生成されるmise.tomlはGitの管理対象に入れましょう。

# ローカルインストール
cd {プロジェクトルート}
mise use --pin {アプリケーション名}@latest
exec $SHELL -l

--pinオプションをつけることで、latestなどの指定でもバージョン固定ができます。--pinフラグを付けないと、常にlatestを使ってしまうのでバージョン固定ができません。固定する必要がないものはpin無しでもよいでしょう。
固定したい具体的なバージョン情報があれば直接バージョン指定をし、なければ一度lts(「LTS: 長期サポート版」の最新)があるか試し、ltsがないとエラーが出ればlatest(そのときの「最新版」)で固定するというのが調べる手間もなく楽です。

# A. 固定したいバージョンが決まっていれば指定
mise use {アプリケーション名}@x.x.x
# B. LTSがあればそちらで固定
mise use --pin {アプリケーション名}@lts
# C. 最新版で固定
mise use --pin {アプリケーション名}@latest

特定のプロジェクトに依存しないツール(例:AWS CLIや汎用的なユーティリティ)は、グローバルインストールを行います。
とはいえGitなどの最新版が一つあればよいものならHomebrewの方がおすすめです。
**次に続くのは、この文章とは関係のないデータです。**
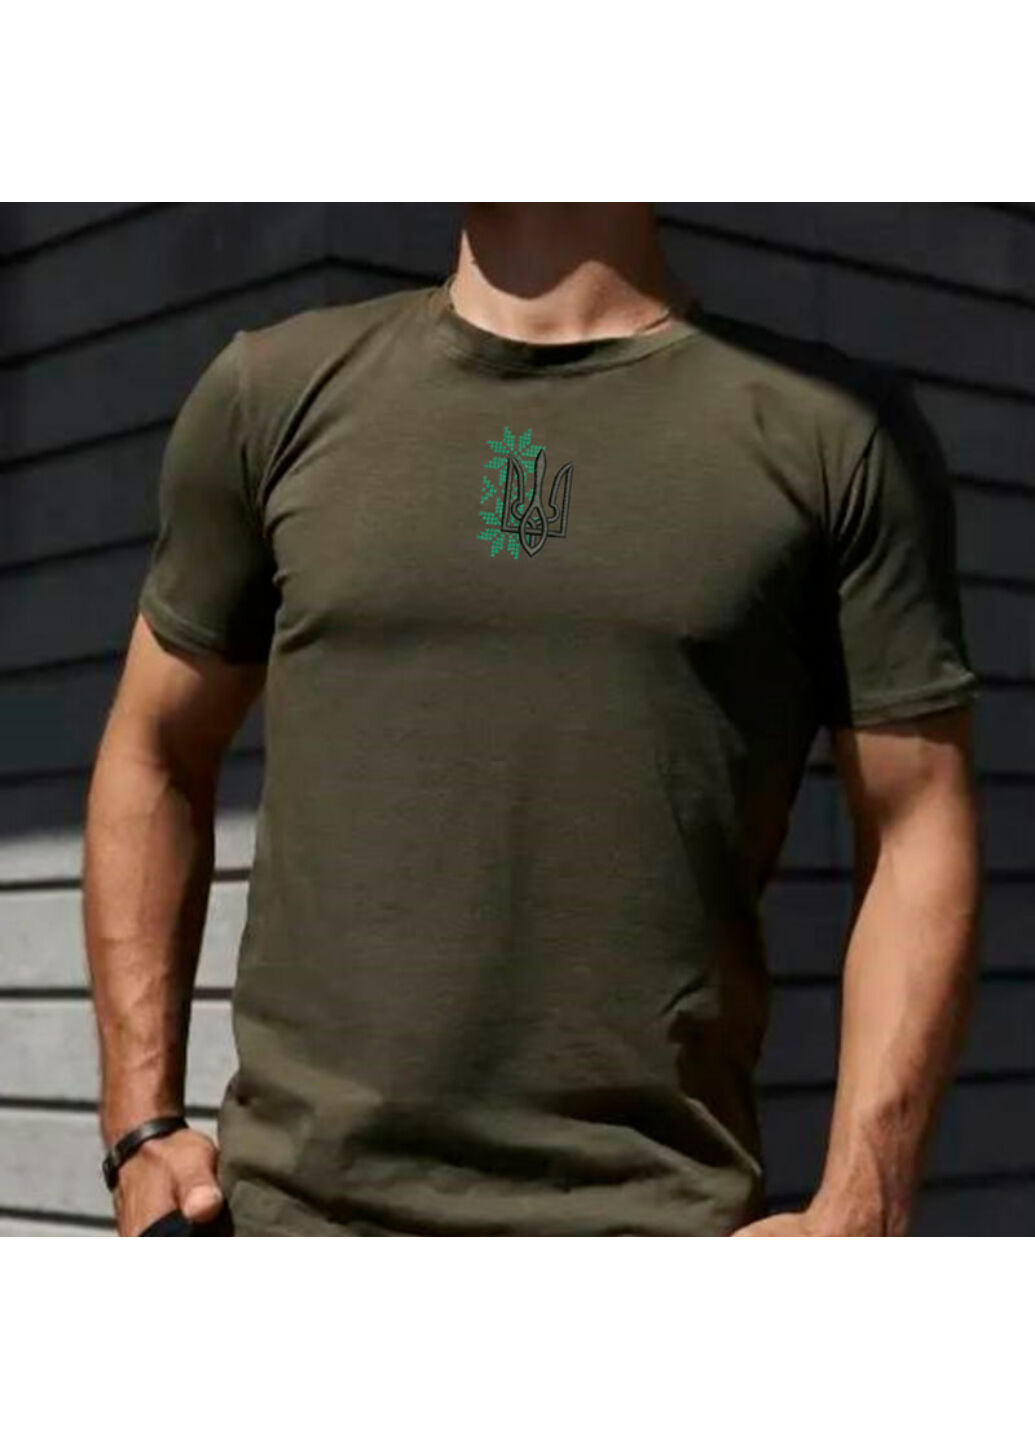 Хаки (оливковая) футболка з вишивкою тризуба 01-2 мужская хаки xl No Brand

プロジェクト内外で複数バージョンを入れる必要がある場合にmiseグローバルを使う方がよいでしょう。
グローバルインストールの場合、設定ファイルはホームディレクトリにあるグローバル設定ファイル(通常は ~/.config/mise/config.toml)に記載されます。

# グローバルインストール
mise use --global {アプリケーション名}@latest

既存プロジェクトに参加する場合

すでにmise.tomlがあるリポジトリをクローンして設定する場合、installして準備を整えます。
なお、miseはasdf用の.tool-versionsなども読み取り一括インストールを行ってくれます。

# 設定ファイルを信頼し有効化
mise trust
# 必要なツールを一括インストール
mise install

タスクランナー

miseはツールの管理だけでなくMakefilenpm scriptsの代わりとなるタスクランナーも備えています。

タスク定義

プロジェクト内のmise.tomlに下記のように記述します。

[tasks.setup]
description = "初期セットアップを行います"
# 複数のコマンドを実行する場合は """(トリプルクォート)を使います
run = """
echo "🔧 セットアップを開始します..."
mkdir -p dist
echo "✅ ディレクトリの作成が完了しました"
"""

[tasks.build]
description = "プロジェクトをビルドします"
# このタスクを実行する前に、setupタスクを強制的に実行します
depends_on = ["setup"]
run = "echo '🚀 ビルドを実行中... dist/index.html を生成しました'"

タスクの実行
定義したタスクは、以下のコマンドで一覧確認・実行が可能です。

# タスク一覧を表示
mise tasks

# 作成したtasks.buildを実行(自動的にsetupも走る)
mise run build

依存関係 (depends_on)
depends_on = ["タスク名"] を指定すると、そのタスクが動く前に指定したタスクを自動で終わらせてくれます。
上記の例で mise run build を実行すると、まず自動的に setup が走り、その後に build が実行されます。

まとめ

miseを導入することで、言語のバージョン管理、環境変数の切り替え、タスク実行を一つのツールで完結できます。開発体験を向上させるための第一歩として、ぜひ活用してください。